Can you get Facebook-withdrawal?

So, for those of you who are walking in my shoes right now, one of the biggest battles you will be facing is “the announcements”. These take many forms, from text, face-to-face, telephone call, and the most common culprit of all – Facebook.

I am a self-confessed Facebook addict, and was one of the joiners of 2005/2006, when it was exclusively for university students (you were only allowed to sign up with an official uni email address). It’s therefore fair to say that it’s pretty ingrained into every day life, and has, over the years, replaced phone calls and texts as a way to stay in touch with people.

More recently, it has been to starting to grate me. It has become such a superficial, half-arsed way of communicating with people, and I was discovering that those I interacted with most, were people I probably wouldn’t say two words to on the street if I saw them. Yet, you’d get comments like, “Oh hun, sending hugs”, if you’d posted that you’d had a bad day – have I ever been on hugging terms with you? Or, “we totally have to catch up soon, it’s been tooooo long” –  Really? Do we? Had we both really wanted to meet up, we’d have done so at some point in the past 7 years

Funnily enough, those friends that really do matter, drop you a text, pick up the phone to you, call round your house, and hardly ever write on your Facebook wall.

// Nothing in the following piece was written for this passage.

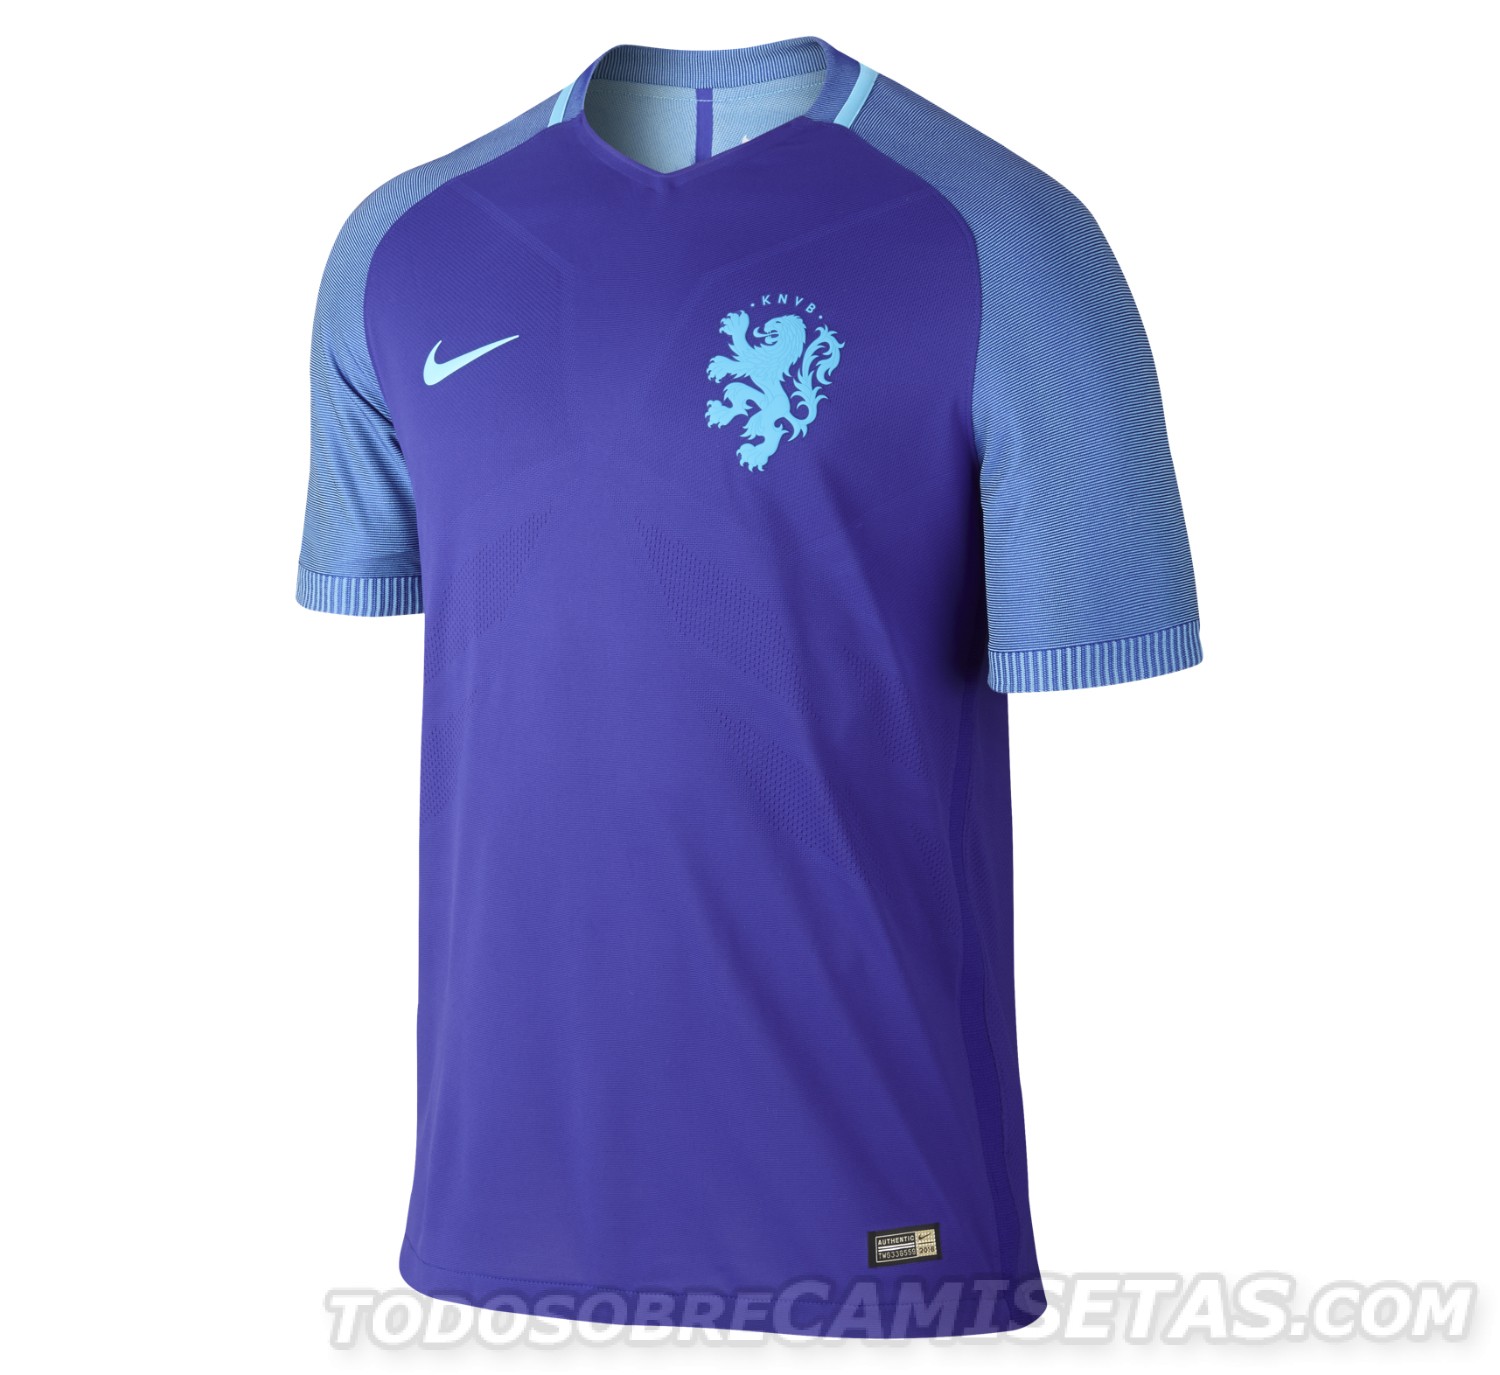 Netherlands Nike 2016 kits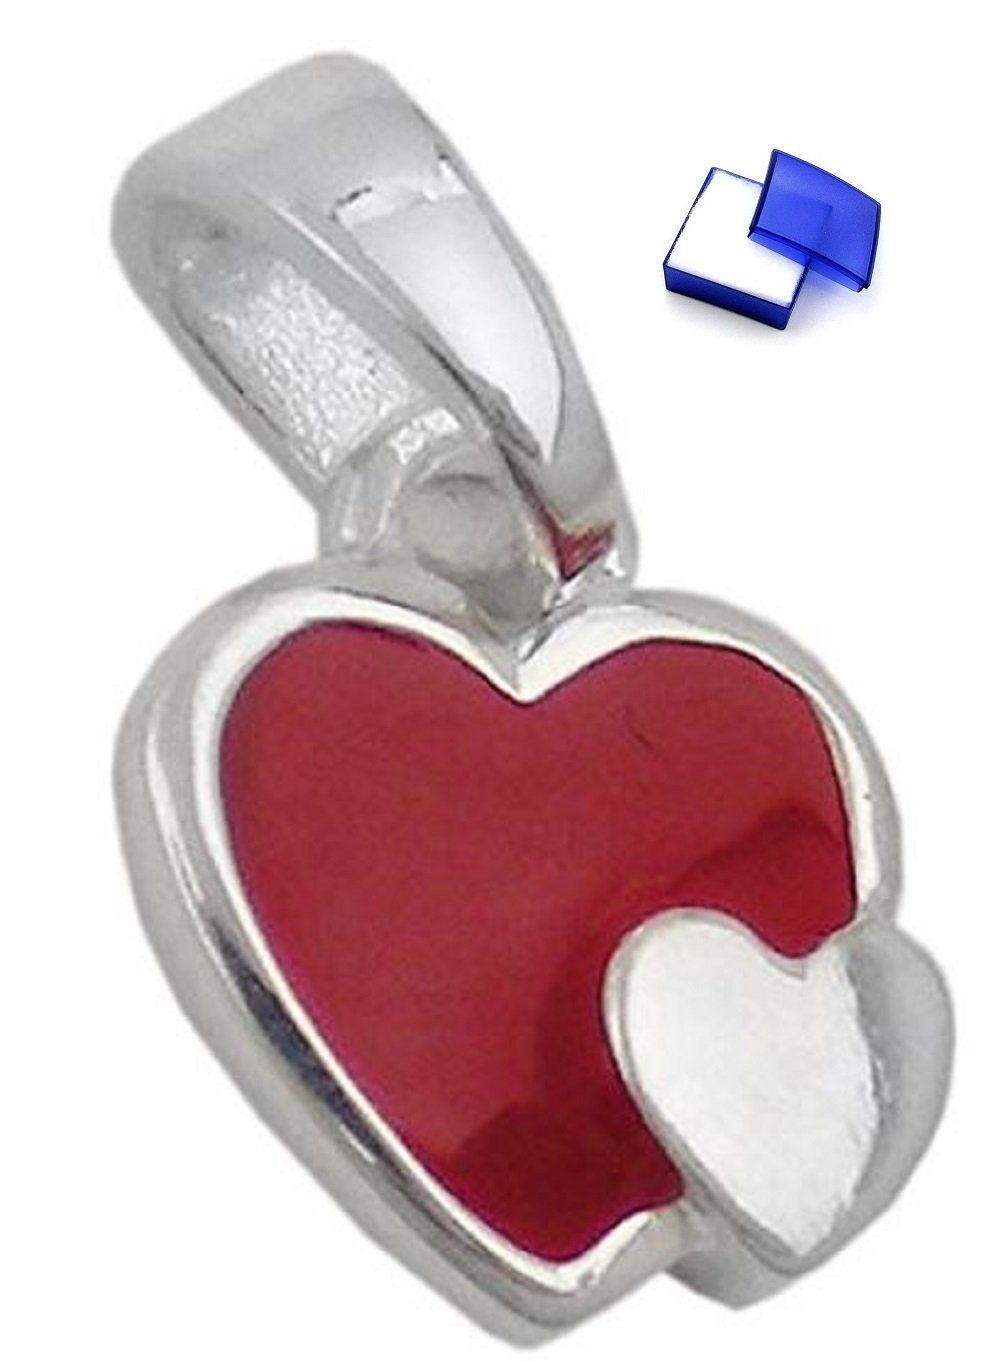 unbespielt Kettenanhänger Kinder Anhänger Herzen rot-silber 925 Silber 8 x 9 mm inkl. kleiner Schmuckbox, Silberschmuck für Kinder

I’ve reached that point in life now where the large majority of my friends are getting married, and having kids. It is inevitable that “the announcements” are going to happen. And yet, logic does nothing to soothe that heartbreak when you happen across one.

Don’t get me wrong – I bear nobody any ill-will, and I understand that you want to shout it from the rooftops, cos I would too. But your news can turn me from being as happy as Larry, to feeling like kicking a puppy (which I must add, that I would never do, because I love animals… but you get my drift).

My husband has rehearsed the act so many times over the past year – he deals with the sulking, wipes away the tears that follow, and then tries to reason with the *Chimp within. I like to think of it as an equivalent to Kubler-Ross’s, “Five Stages of Grief” model. And yes, I KNOW that other women are going to get pregnant, and I KNOW that they’re happy and want to share it, and I KNOW that they probably aren’t bearing the smallest thought for those of us who aren’t getting that bun to start cooking… but I DON’T CARE and I want to go and hide away for the next 9 months and then never see them with their babies until their babies grow up to be in their terrible twos and I can go on posh holidays, and spend my money on nice clothes and shoes and have something that THEY want… 

Yes, logic really doesn’t feature, does it?

So, I made the brave step of leaving Facebook last month.

I’ve gone back to the old-fashioned “text and phone” method of keeping in touch with my nearest and dearest. And you know what? I’ve not got the shakes, or had a seizure, or been tossing and turning in my bed at night. It has been LIBERATING. 

Not only do I have pregnancy and babies (a little) less in my face, but I’m now free from the knowledge of what the woman-from-my-workplace-8-years-ago has managed to buy from the Bargain Bucket in Primark, and that the-bloke-I-went-to-Primary-school-with might have seen one of those poisonous false widow spiders on the outside of his mum’s garage.